Из кухни потянуло мясом.
— Ой! — унюхала она. — Щи выкипают! Запамятовала в разговоре! Извините!
И, торопясь, проводила до двери.
Странное чувство охватило меня. Будто бы я — Калужнин. Стою около собственной квартиры и нюхаю, нюхаю мясной запах!
Меня резко качнуло, я ударился спиной о перила.

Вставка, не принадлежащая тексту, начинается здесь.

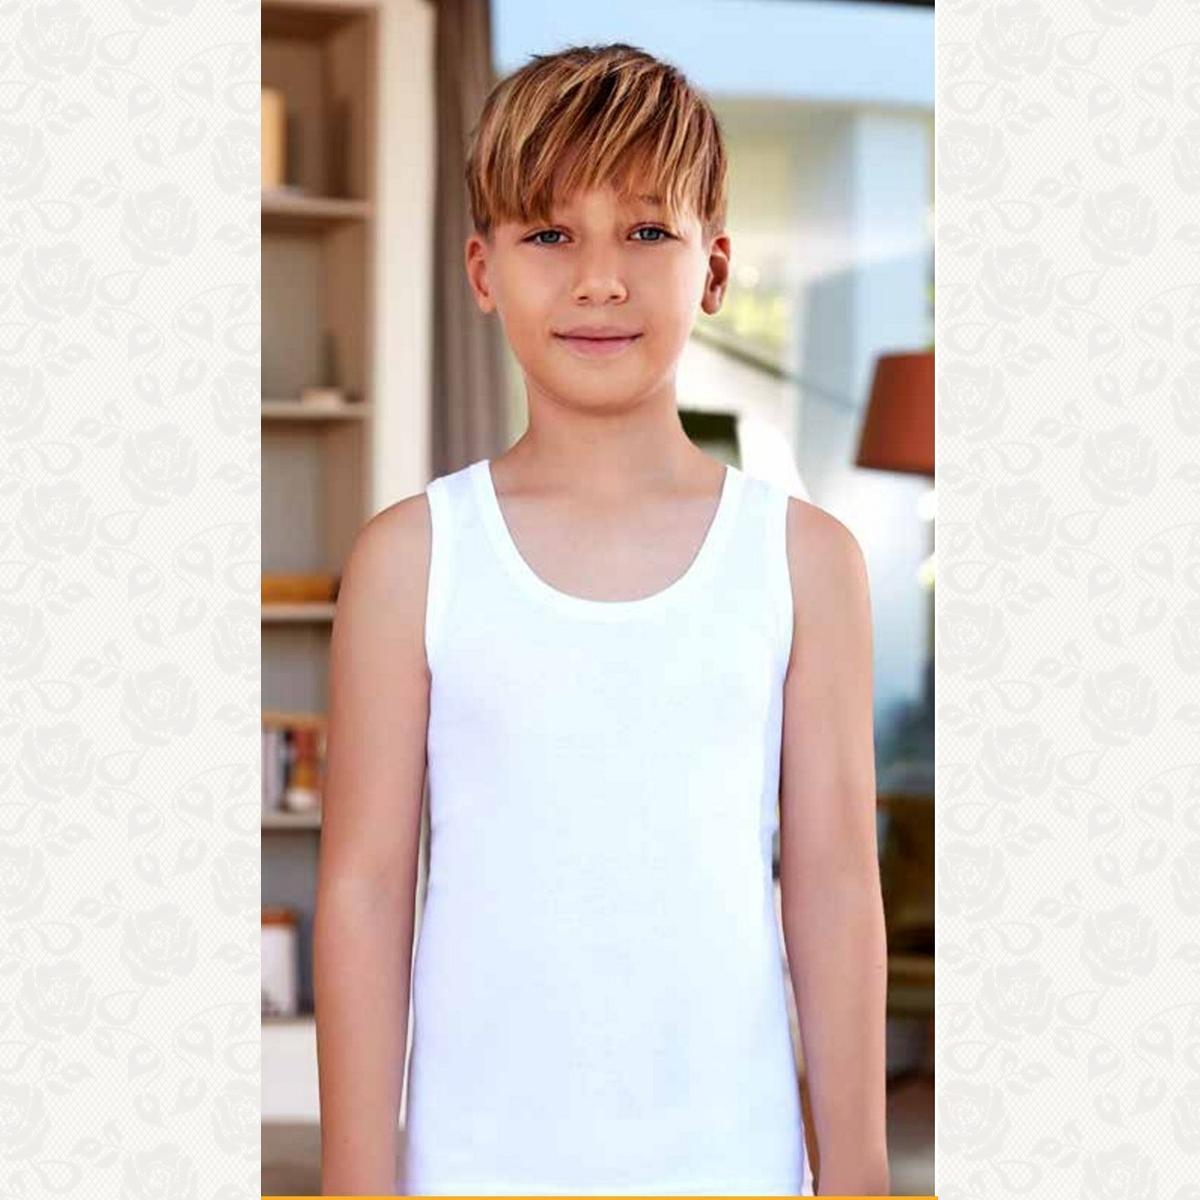 Майка для мальчика размер от 7 до 8, цвет , 6 шт.

Пошел вниз — мясной дух словно бы гнался следом. В глазах зарябило. Пол, ступени медленно плыли под ногами.
На улице светило солнце. Веселые люди шли по проспекту. Наверное, каждый из них что-нибудь знал про блокаду, но это было в другой жизни, в другую эпоху...
С Литейного повернул на Лаврова. Почему-то казалось, что именно этот путь был для Василия Павловича любимым.
Выходит из дома, сворачивает на бульвар прежней Фурштатской, потом Таврический сад, немного Потемкинской. И обратно — по бывшей Кирочной на Литейный. Квадрат архитектурного совершенства — что еще художнику нужно?!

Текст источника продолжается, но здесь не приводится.